BD points to the OTC labeling reg's failure to address nonprescription items contained in such kits. "This combination product, and others of its type, does not appear to have been considered when this regulation was published as a proposed rule, nor was it considered when the final regulation was published," BD says.

"Since these products are packaged, distributed and sold in a completely different manner than consumer OTC drugs, they should have been addressed in the proposed regulation if the regulation was intended to cover them," the company maintains.

Requiring a "Drug Facts" box on the kit's label would be "impractical," necessitating "additional extensive labeling specific to the drug component of the kit on the kit packaging," the company adds.

Becton currently lists all Bactec components and their quantity on kit labeling. "For components requiring additional instructions for use, these are provided in the package insert that accompanies the product," BD says, adding: "Use of the povidone iodine swab to prepare a site for sample collection, and use of an alcohol pad post phlebotomy is a procedure commonly known to the health care professionals employing the kit."

BD also requests an exemption for the OTC drugs' unit package labeling.

BD purchases the individual OTC components in bulk; the company then places two alcohol prep packages and one povidone iodine package in each kit. The OTC product unit packages do not carry the "Drug Facts" labeling and "would have to be re-packaged or overlabeled to provide such labeling," the firm notes.

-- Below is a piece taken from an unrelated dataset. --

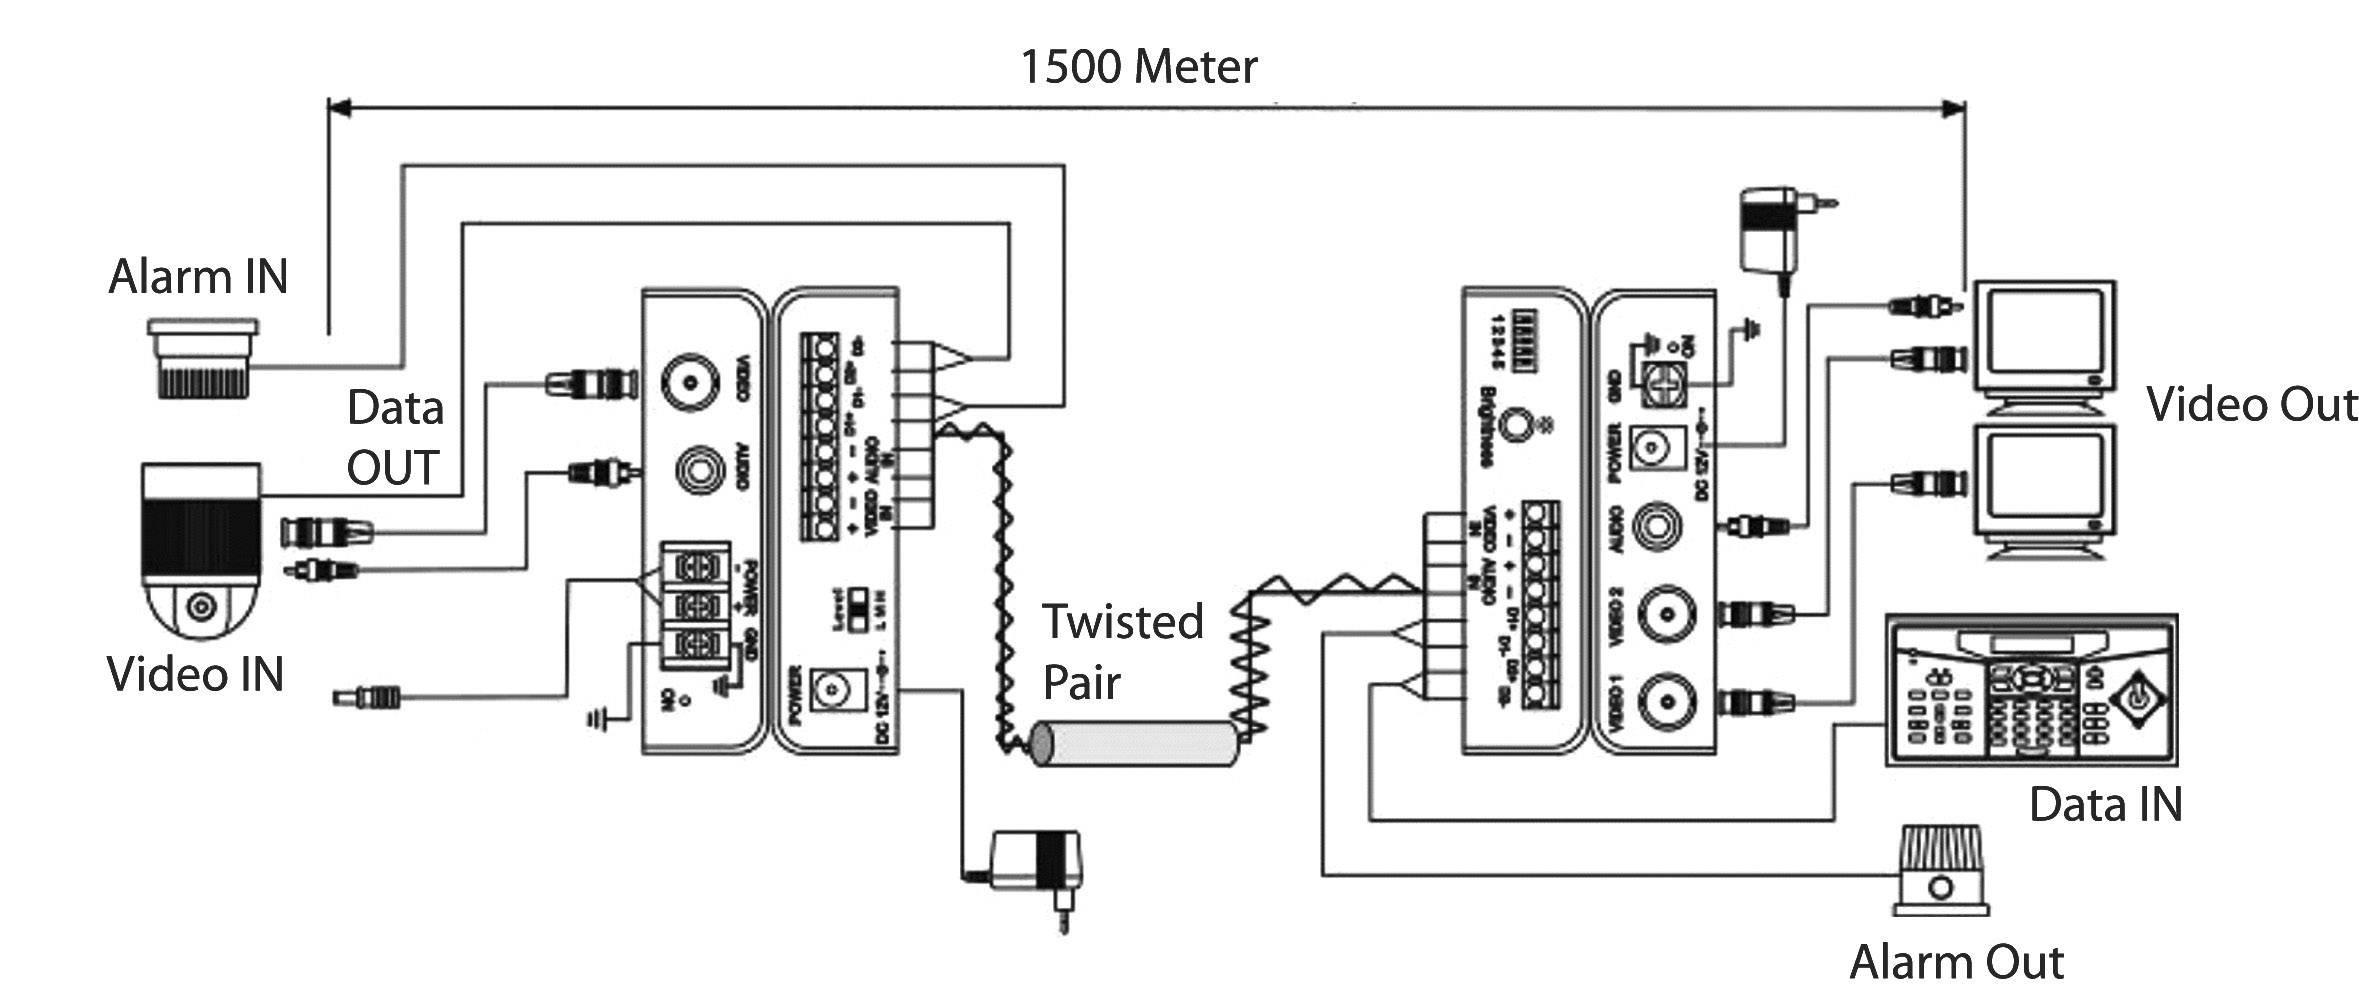 acewell wiring diagram wiring diagram automotive rh wx03 autoservice oezder de acewell ace 1500 wiring diagram acewell 4553 wiring diagram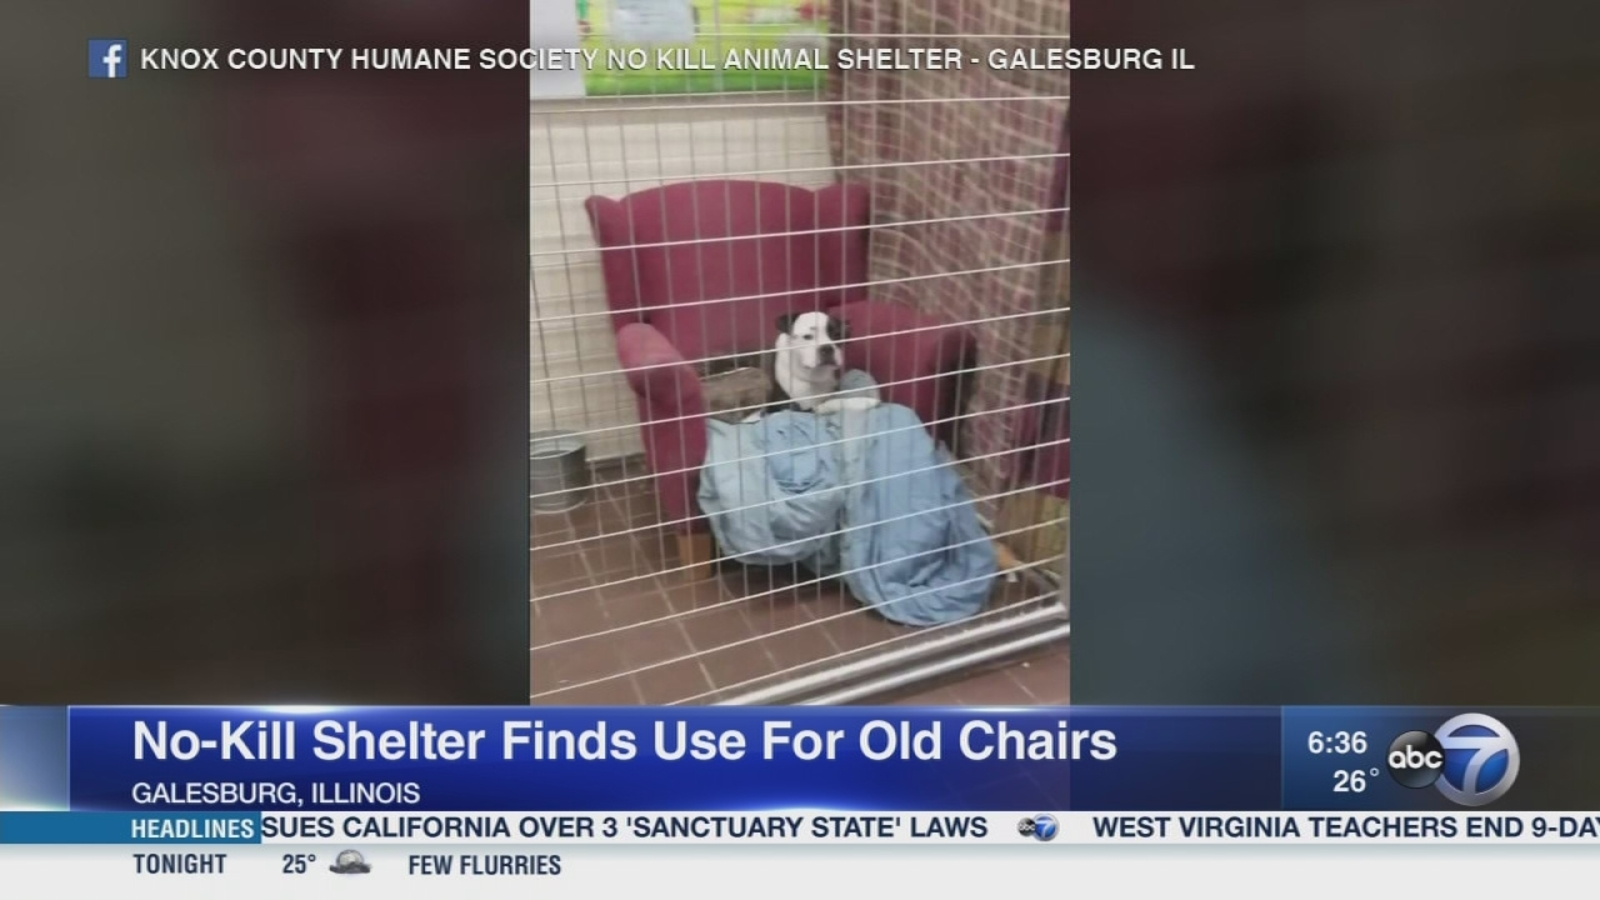 Pets Enjoy Donated Chairs At Illinois No Kill Shelter Abc11

"This operation would add considerably to the expense of the product without improving information to the prospective user," BD says. "The user would not see such labeling until they had opened the kit package."

Several companies have petitioned FDA for exemption from OTC labeling reg provisions, although BD's request is the first to address a "combination" product used only by health care professionals.

In a March exemption request, Australia-based tea tree antiseptic manufacturer Thursday Plantation asserted its label size "is too small to fit bar lines and all the wording in the font size required" by the final rule format (¹ (Also see "Thursday Plantation" - Pink Sheet, 30 Apr, 2001.)).

FDA, however, has taken a skeptical view of requests focusing on insufficient labeling space. In a December draft guidance, the agency reiterated it would not routinely grant exemptions for products claiming to be too small to satisfy the final reg's provisions, but would consider deferral requests to allow packaging changes (² (Also see "OTC Labeling Exemption, Deferral Timelines Depend On Complexity - FDA" - Pink Sheet, 1 Jan, 2001.)).

Last year, the agency rejected exemption requests for Whitehall-Robins' Chap Stick Flava-Craze lip balm and Block Drug's BC analgesics powder.

Exemption requests and citizen petitions to allow use of the phrase "may contain" to list inactive ingredients in OTCs are pending.